Up to the top for these who may not have seen this.


----------



## Guest (Jul 19, 2011)

Prices are;

Storm wheel with pan 42usd 
Bucket wheel with out pan 35 usd.
Bucket wheel with pan 40usd.

However there will be a charge for postage and customs. 
Last time customs was £2 per wheel and postage was £5.

However customs is different depending on the amount of wheels being shipped.


----------



## twilight (Jun 19, 2011)

:thumbup:they are absolutely adorable and fab i would definetly order one for my lttle man.i would like a bucket wheel and pan if the order goes ahead.please let me know.are you going to the show if you do you will meet my little man before i do.i would love to go but cant get anyone to look after ed as his usual sitter is on hols.kaz:thumbup:


----------



## Guest (Jul 19, 2011)

twilight said:


> :thumbup:they are absolutely adorable and fab i would definetly order one for my lttle man.i would like a bucket wheel and pan if the order goes ahead.please let me know.are you going to the show if you do you will meet my little man before i do.i would love to go but cant get anyone to look after ed as his usual sitter is on hols.kaz:thumbup:


I am.

The order looks to be going ahead I will update the thread on the hedgehog forum with your order in it.

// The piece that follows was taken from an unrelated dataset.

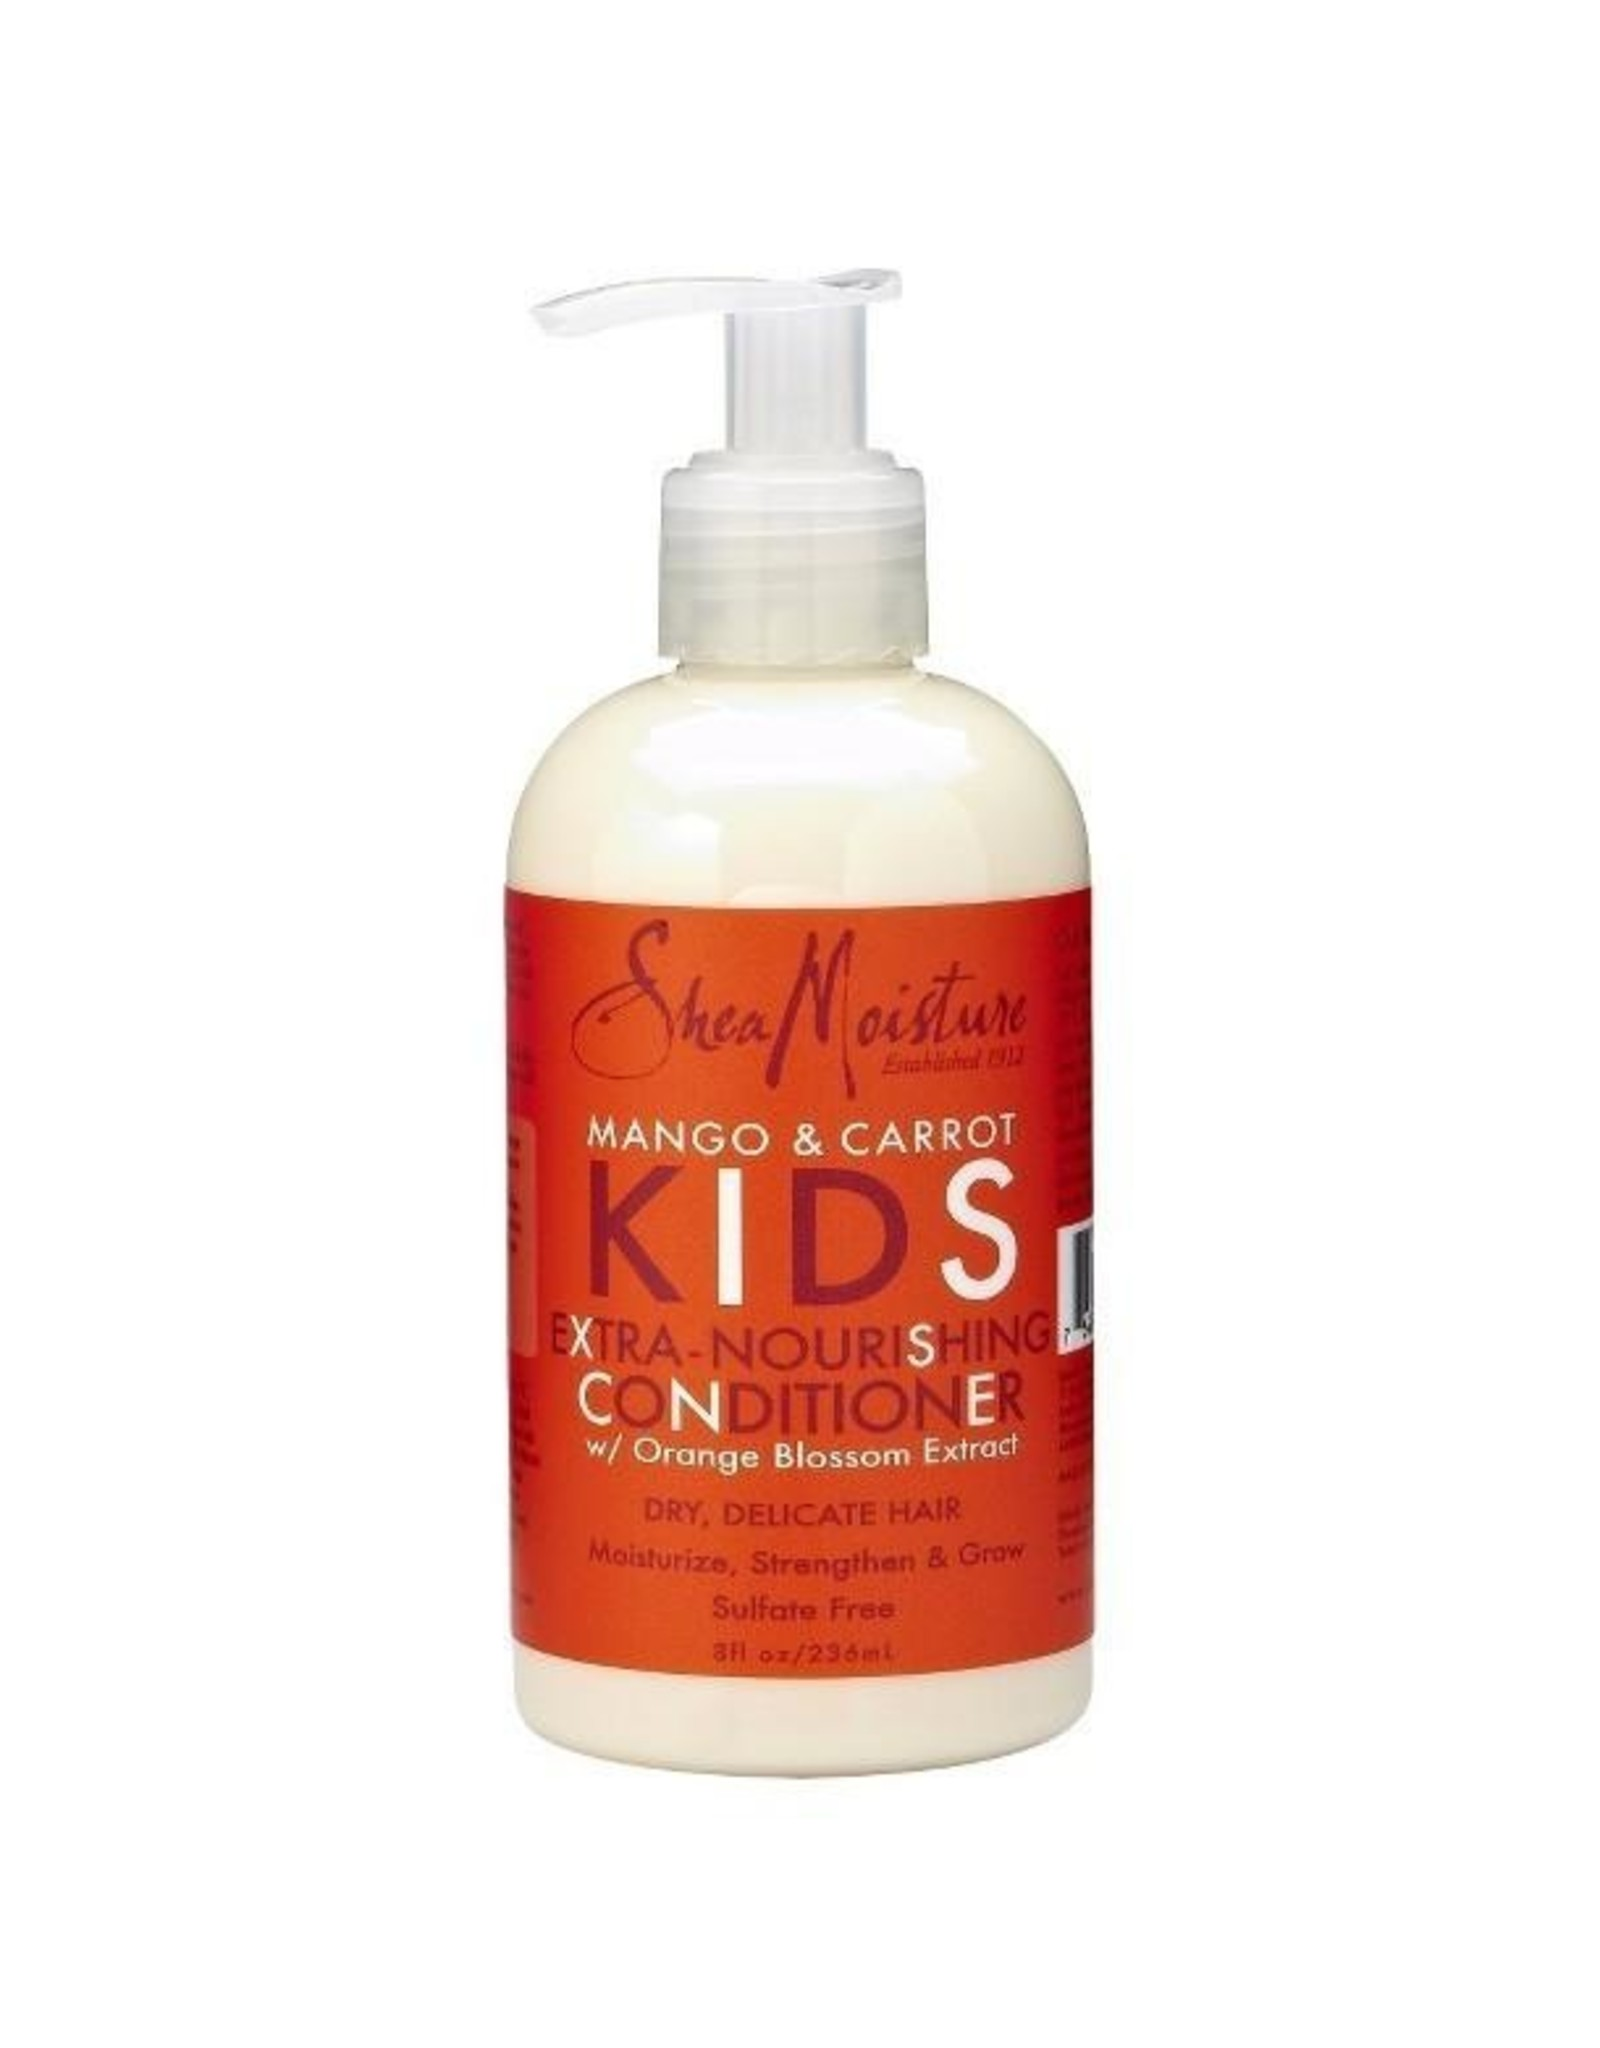 Shea Moisture KIDS Mango & Carrot Conditioner

Which breeder has your little man?


----------



## Guest (Jul 19, 2011)

Bump up.:thumbup::thumbup:


----------



## Guest (Jul 19, 2011)

We need 12 wheels in total in order to do a bulk order. We already have 4 ordered.:thumbup1:


----------



## twilight (Jun 19, 2011)

:thumbup:my little boy is with hedgehog rescue they call him randy give him a kiss from me :thumbup1:kaz


----------



## Guest (Jul 19, 2011)

twilight said:


> :thumbup:my little boy is with hedgehog rescue they call him randy give him a kiss from me :thumbup1:kaz


ooo I know who he is. Why's he going to be at the show?
Hes beautiful.


----------



## twilight (Jun 19, 2011)

ive been told yes unless ive got my wires crossed.a girl called rach has to pick him up from there and then arrange to bring him home.caz of hedgehog rescue has arranged it.if you see him plese give him a cuddle.kaz:thumbup:


----------



## Hoggiemommy (Jul 30, 2010)

could be interested in 10


----------



## Guest (Jul 20, 2011)

Hoggiemommy said:


> could be interested in 10


10 

That would make our full order.


----------



## Hoggiemommy (Jul 30, 2010)

yeah it would but there is a link on facebook thanks anyway


----------



## Guest (Jul 20, 2011)

Hoggiemommy said:


> yep pity im ordering .. direct from Larry


You could order through me that way its less customs fee. (as it will be split).


----------



## Hoggiemommy (Jul 30, 2010)

there is few people that dispatch for larry in the uk good luck


----------



## Guest (Jul 29, 2011)

Still room on this order. If interested PM me.

There order is set to go ahead within the next week as everyone so far has paid.


----------